Apenas um dia depois de o Ministério da Agricultura aprovar o registro de mais 51 agrotóxicos para comercialização no país, a Agência Nacional de Vigilância Sanitária (Anvisa) aprovou na terça-feira (23) um novo “marco legal” para avaliação dos riscos à saúde vinculados aos pesticidas.
A mudança faz com que agrotóxicos hoje classificados como “extremamente tóxicos” passem a ser incluídos em categorias mais baixas, como moderadamente tóxicos, pouco tóxicos ou com dano agudo improvável à saúde. Isso porque a Anvisa vai adotar novos critérios e usar apenas estudos de mortalidade para definir a classificação, desconsiderando a toxicidade não mortal.
Até então, para determinar o grau de toxicidade de um agrotóxico, o modelo em vigor leva em conta estudos de mortalidade em diferentes tipos de exposição ao produto e o resultado “mais restritivo” em testes de irritação dos olhos e da pele.
São esses últimos que, agora, com o suposto “novo marco legal”, seriam desconsiderados.
Para técnicos da Anvisa, o novo modelo adotado nesta terça-feira pelo governo leva a uma classificação equivocada.

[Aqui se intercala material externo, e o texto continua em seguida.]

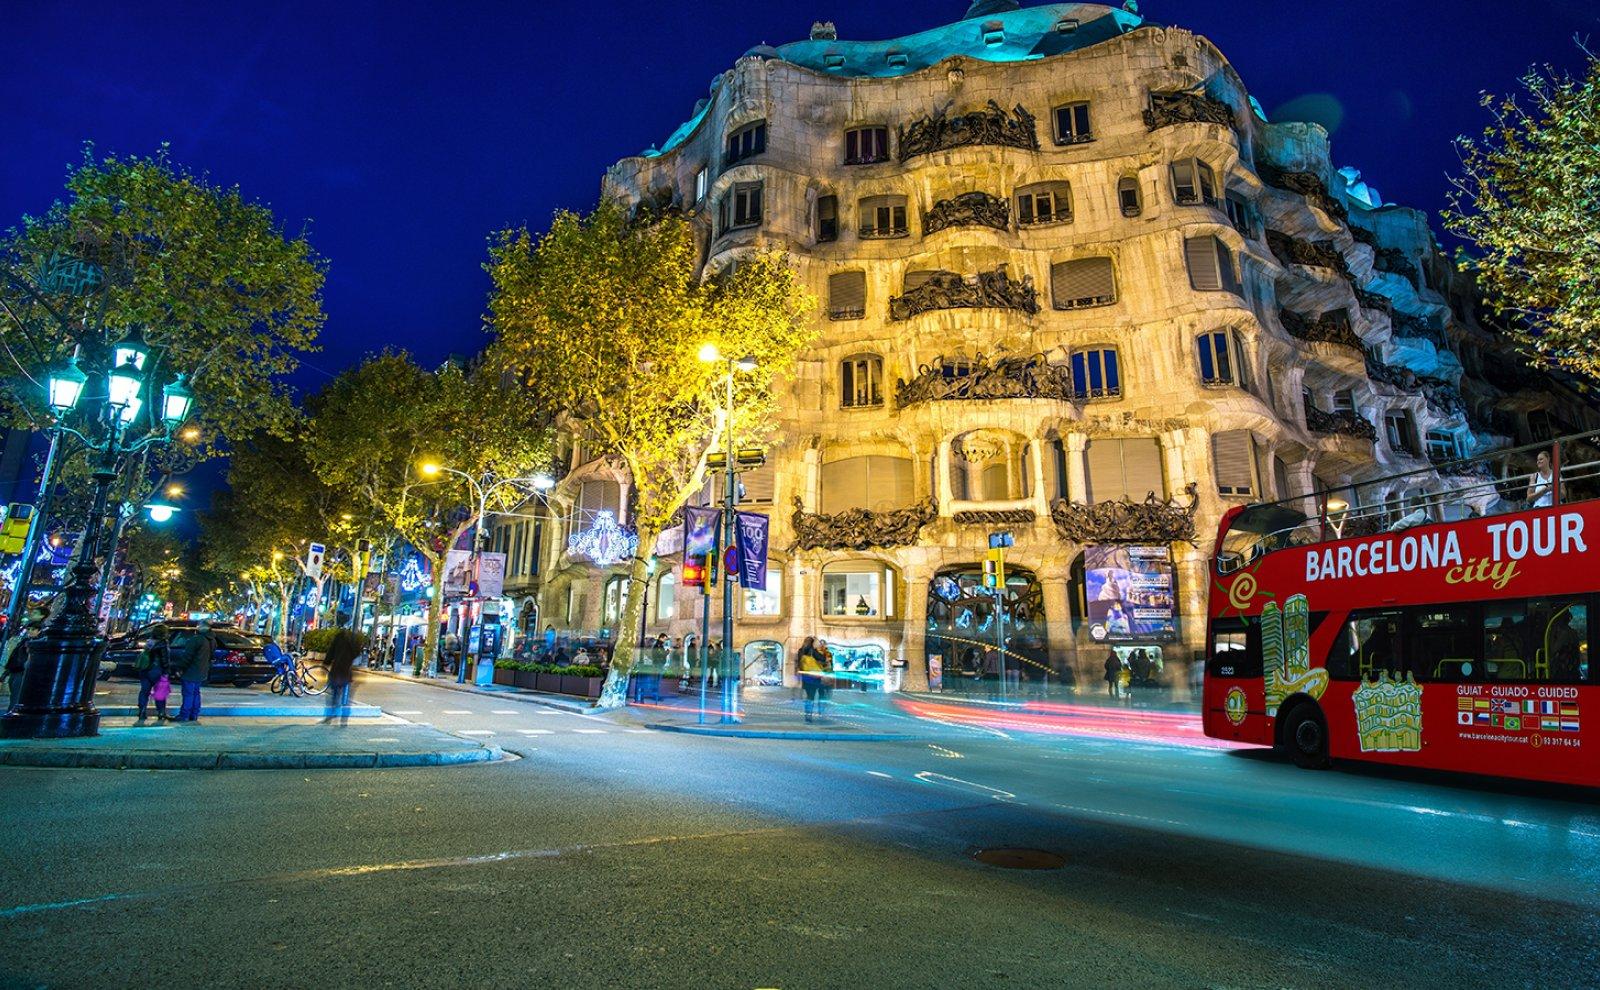 barcelona-city-tour-1600x900px-1600x990

De acordo com o gerente de avaliação de segurança toxicológica, Caio Almeida, a inclusão dos estudos de irritação dos olhos e da pele nos critérios acaba fazendo com que a maioria dos agrotóxicos no Brasil seja registrado hoje como “extremamente tóxico”.

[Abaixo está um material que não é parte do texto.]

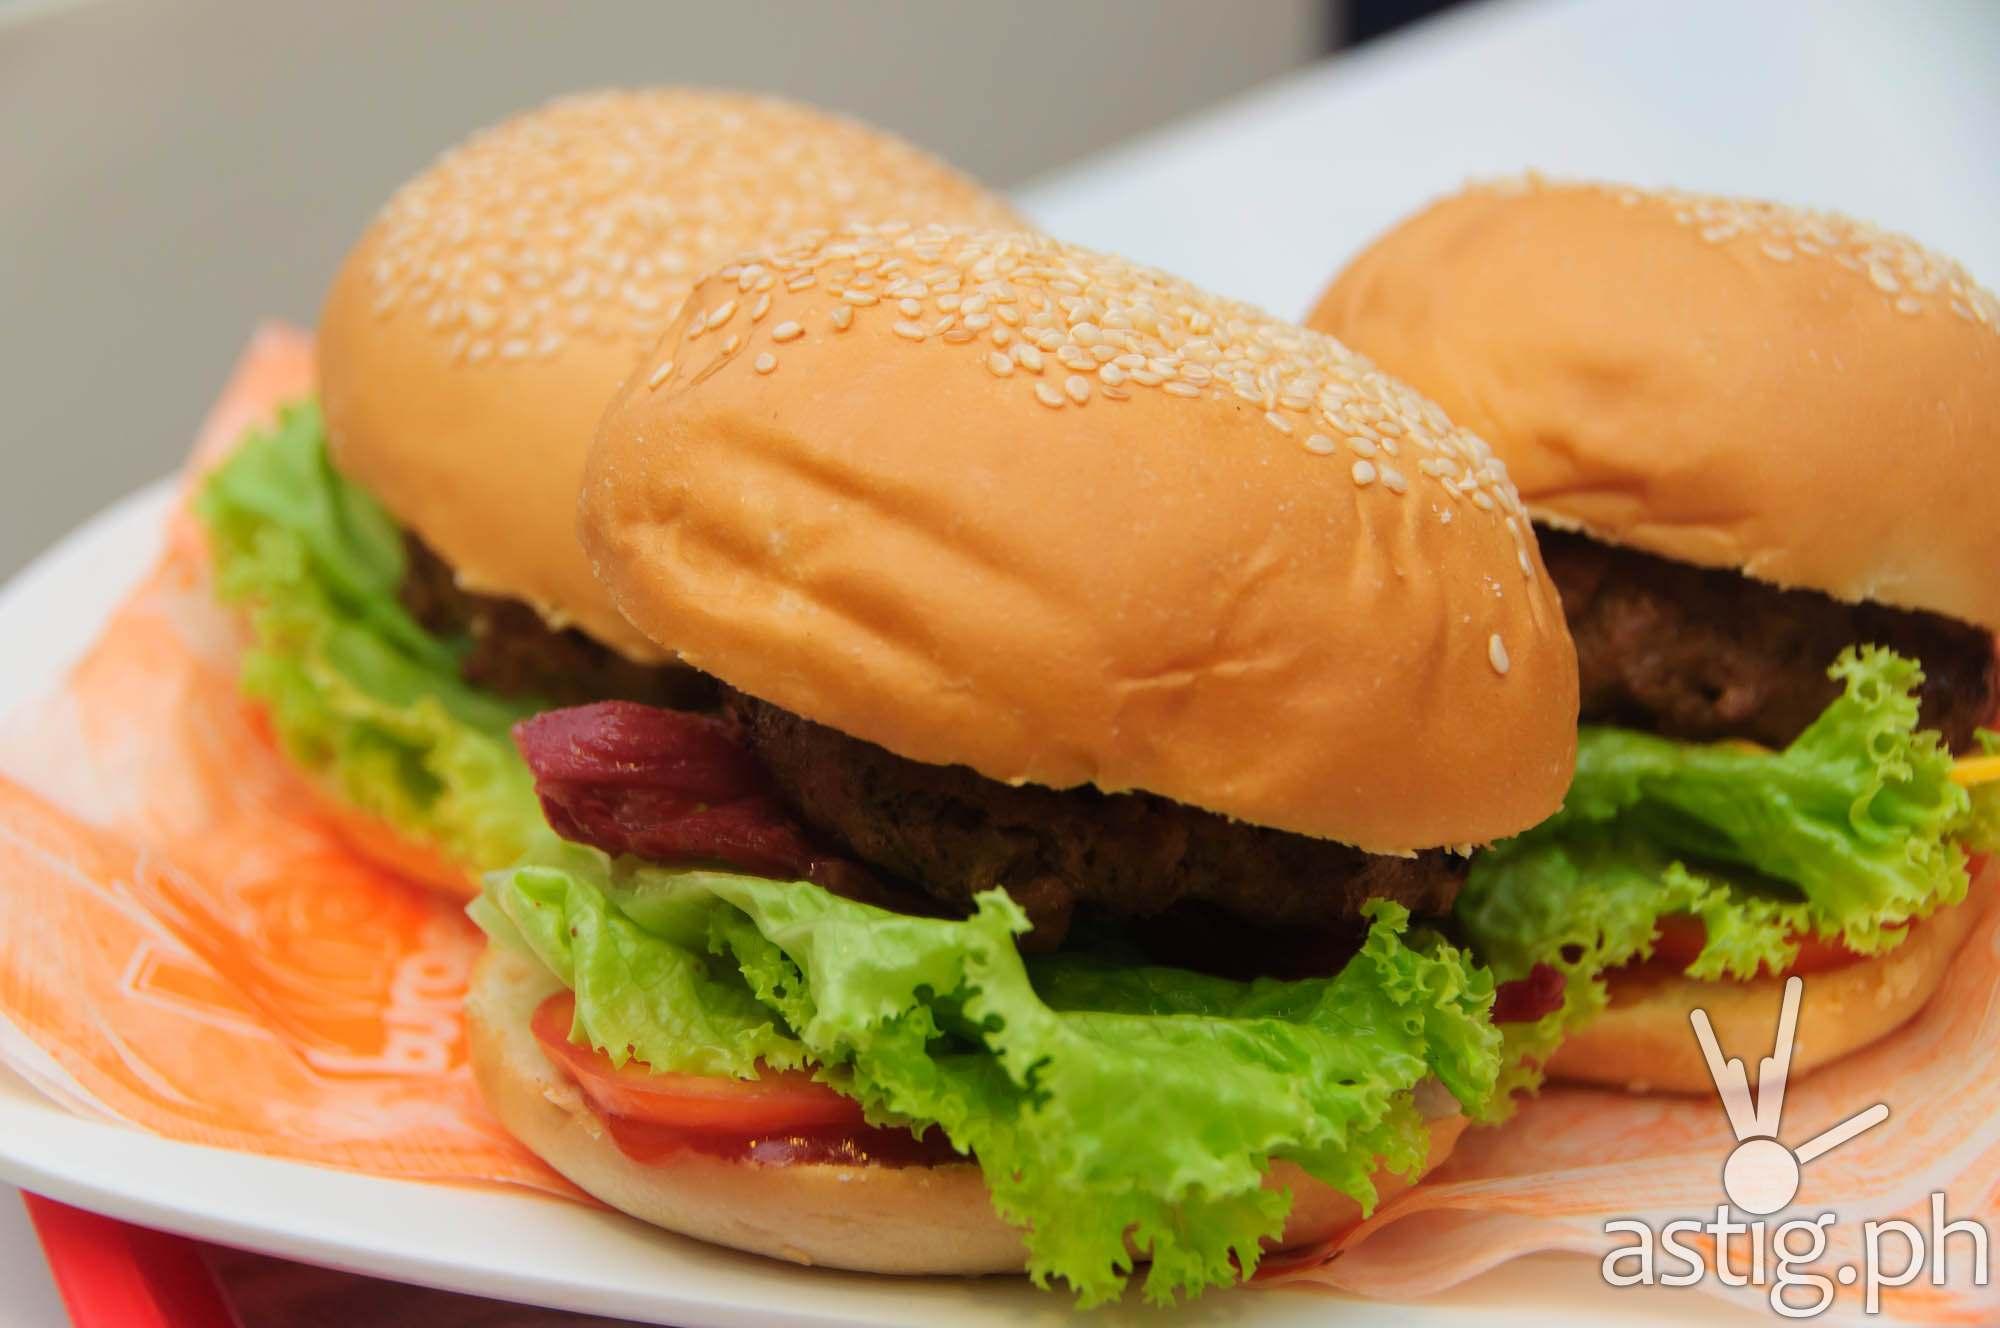 Sliders Trio at Wham! Burger

Nesse modelo, os dados dos testes de irritação dos olhos e da pele passam a ser considerados apenas para adoção de medidas de alerta nos rótulos e bulas aos agricultores sobre risco à saúde.
“Estamos trabalhando esses dados. Mas de classe 1 (extremamente tóxico) atualmente seriam entre 700 e 800 produtos. Com o GHS, vamos ter de 200 a 300 produtos na categoria 1 e 2”, diz ele, que estima que ao menos 500 tenham classificação alterada.

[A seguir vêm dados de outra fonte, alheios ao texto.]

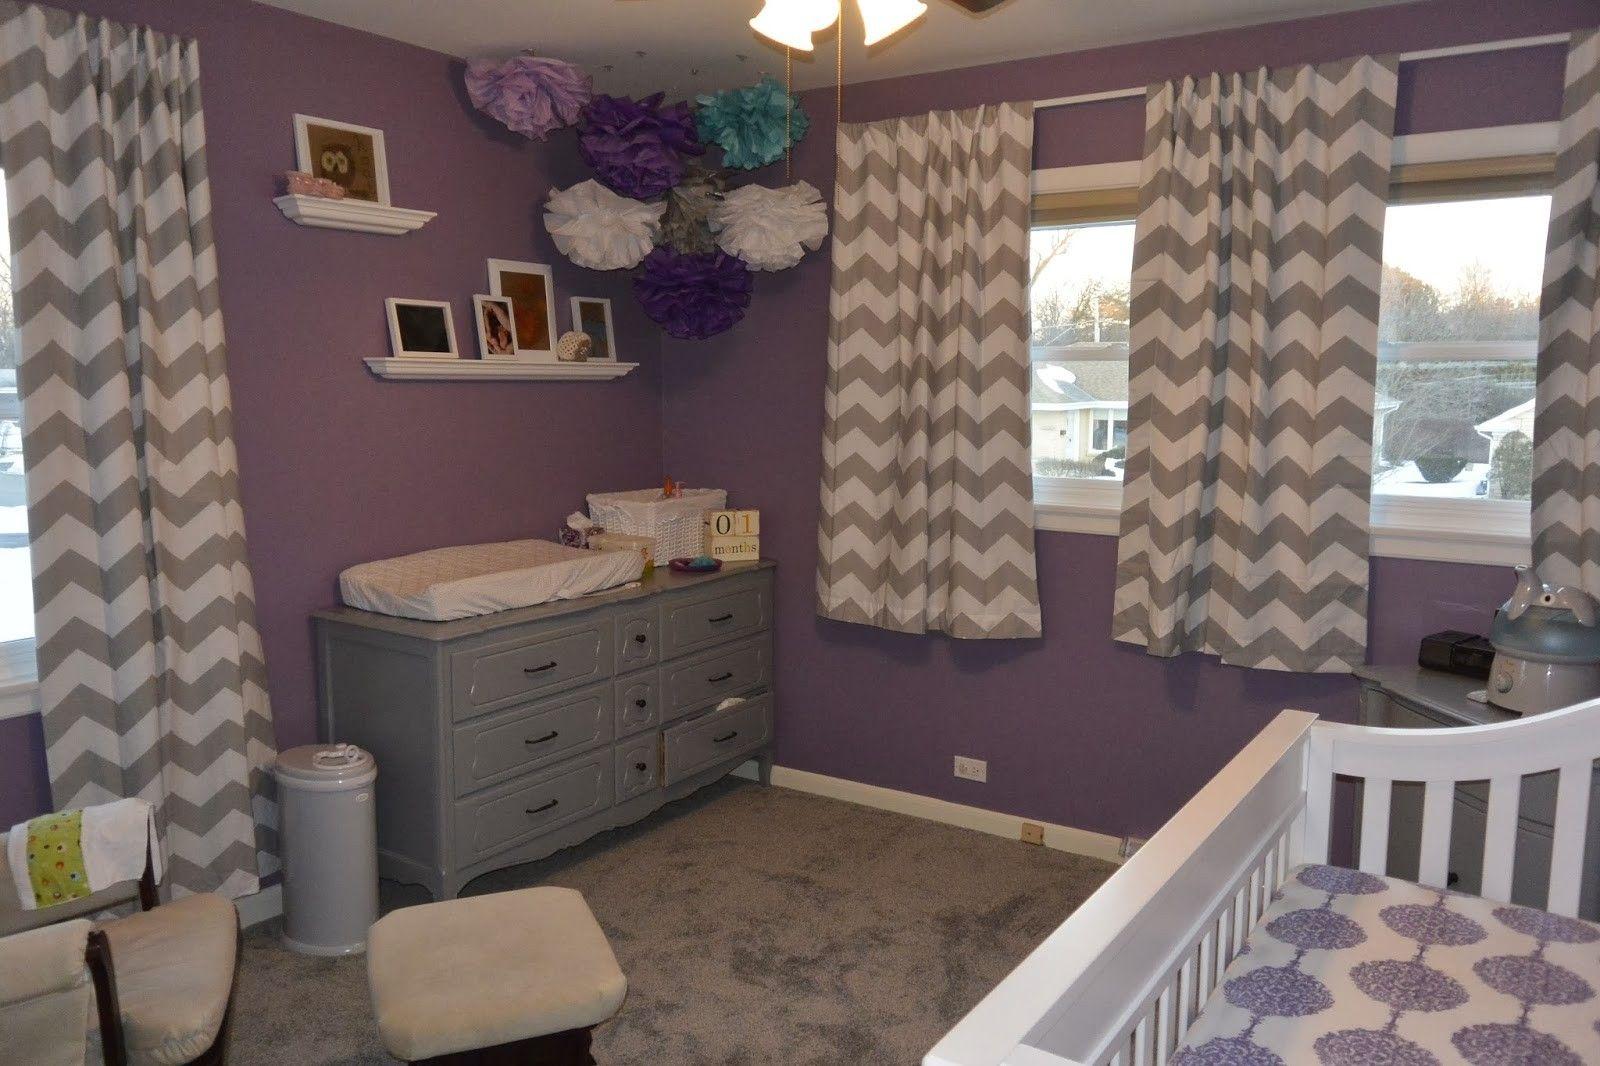 Room Tour: Adleigh's Nursery - The Organized Mama | Baby ...

Hoje, um agrotóxico é classificado em quatro categorias: extremamente tóxico, altamente tóxico, moderadamente tóxico e pouco tóxico.
Após as novas alterações, seriam incluídas duas novas categorias de classificação, as quais visam indicar se um produto é “improvável de causar dano agudo” ou se é “não classificado”, ou seja, baixa toxicidade.
Avanço de agrotóxicos
Tal mudança nas regras de classificação ocorrem em meio ao aumento recorde do número de agrotóxicos no país, medida que tem sido fomentada pelo governo Bolsonaro. Na segunda-feira (22), o Ministério da Agricultura, Pecuária e Abastecimento aprovou o registro de mais de 51 agrotóxicos, totalizando 262 aprovações em sete meses de governo. Outros 560 pedidos de registro aguardam autorização para uso no Brasil. Do total da lista divulgada no Diário Oficial da União (DOU), 44 são genéricos, com princípios ativos já autorizados, e sete são novos no país, seis inseticidas e um herbicida.
Explicações na Câmara
A Comissão de Defesa do Consumidor vai ouvir os ministros da Saúde, Luiz Henrique Mandetta, e da Agricultura, Tereza Cristina, para explicar as autorizações de novos produtos agrotóxicos, realizadas em quantidade recorde ao longo deste ano. A audiência pública está marcada para o dia 7 de agosto, no retorno dos trabalhos do Congresso depois do recesso parlamentar.
Os ministros foram convidados, mas, de acordo com o autor do requerimento, deputado Felipe Carreira (PSB-PE), há compromisso de que eles irão comparecer. “Diante da palavra do presidente da comissão e dos colegas que são da base aliada do governo garantindo a presença dos dois ministros, transformamos o pedido de convocação em convite”, explica o deputado.
Ele menciona que um pedido de informações sobre o andamento do Programa de Análise de Resíduos de Agrotóxicos (PARA), feito ao ministro da Saúde, não foi respondido dentro do prazo legal e isso deve ser tema da audiência.
“O que nos preocupa é que a última pesquisa que foi feita oficialmente pelo governo, em 25 produtos investigados, mais da metade, treze, ou tinha quantidade acima do permitido de agrotóxicos ou tinha produtos que sequer eram permitidos no Brasil”, destaca o deputado, afirmando que não é radicalmente contra o uso dos defensivos, mas “há produtos que foram liberados este ano que são altamente questionados e vários não são permitidos na União Europeia, pelas informações que vamos debater na audiência”.